* _RAW DATA_
• • • •
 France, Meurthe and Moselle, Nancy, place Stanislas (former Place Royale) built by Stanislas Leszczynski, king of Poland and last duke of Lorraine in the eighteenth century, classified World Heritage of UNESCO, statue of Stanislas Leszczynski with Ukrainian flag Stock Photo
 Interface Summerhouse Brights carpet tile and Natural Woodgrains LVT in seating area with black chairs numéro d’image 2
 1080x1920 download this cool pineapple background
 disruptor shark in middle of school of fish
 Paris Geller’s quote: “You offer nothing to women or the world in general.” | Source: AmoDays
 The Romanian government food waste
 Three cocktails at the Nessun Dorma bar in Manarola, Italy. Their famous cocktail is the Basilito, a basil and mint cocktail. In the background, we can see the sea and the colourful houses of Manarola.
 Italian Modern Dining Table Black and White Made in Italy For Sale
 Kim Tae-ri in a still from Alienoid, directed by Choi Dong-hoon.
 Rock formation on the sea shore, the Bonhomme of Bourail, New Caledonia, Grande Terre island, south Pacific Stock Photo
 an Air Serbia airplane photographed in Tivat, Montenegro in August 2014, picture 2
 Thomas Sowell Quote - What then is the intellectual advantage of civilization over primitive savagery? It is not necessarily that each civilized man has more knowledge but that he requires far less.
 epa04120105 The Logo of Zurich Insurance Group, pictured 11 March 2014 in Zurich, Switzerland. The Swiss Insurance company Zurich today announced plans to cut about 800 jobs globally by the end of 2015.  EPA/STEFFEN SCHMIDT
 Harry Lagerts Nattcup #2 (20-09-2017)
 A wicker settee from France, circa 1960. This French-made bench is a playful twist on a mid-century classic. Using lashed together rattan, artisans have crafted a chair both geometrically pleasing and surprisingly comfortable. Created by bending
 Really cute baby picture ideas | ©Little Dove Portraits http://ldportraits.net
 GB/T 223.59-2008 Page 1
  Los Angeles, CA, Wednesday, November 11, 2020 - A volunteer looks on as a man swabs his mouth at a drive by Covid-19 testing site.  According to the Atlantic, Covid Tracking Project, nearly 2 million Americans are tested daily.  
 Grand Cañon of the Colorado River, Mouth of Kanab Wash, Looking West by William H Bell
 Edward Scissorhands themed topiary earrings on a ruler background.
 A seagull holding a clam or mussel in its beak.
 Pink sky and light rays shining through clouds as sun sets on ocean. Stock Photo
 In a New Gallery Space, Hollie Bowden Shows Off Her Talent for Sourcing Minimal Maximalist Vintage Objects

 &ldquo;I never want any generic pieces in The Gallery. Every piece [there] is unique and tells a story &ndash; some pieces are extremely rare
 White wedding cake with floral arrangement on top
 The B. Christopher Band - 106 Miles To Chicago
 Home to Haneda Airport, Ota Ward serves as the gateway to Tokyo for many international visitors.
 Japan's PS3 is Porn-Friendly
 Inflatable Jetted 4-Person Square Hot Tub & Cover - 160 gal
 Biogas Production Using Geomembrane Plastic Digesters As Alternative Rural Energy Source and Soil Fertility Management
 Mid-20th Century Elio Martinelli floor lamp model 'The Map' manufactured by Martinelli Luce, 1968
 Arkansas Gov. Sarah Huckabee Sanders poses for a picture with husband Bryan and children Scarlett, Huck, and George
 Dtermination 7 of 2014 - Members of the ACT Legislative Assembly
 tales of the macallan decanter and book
• • • •
* _WHAT IS BEING ASKED_
Once you have found every line above holding the word "White", copy those lines.

* _RESULT BELOW_
 Italian Modern Dining Table Black and White Made in Italy For Sale
 White wedding cake with floral arrangement on top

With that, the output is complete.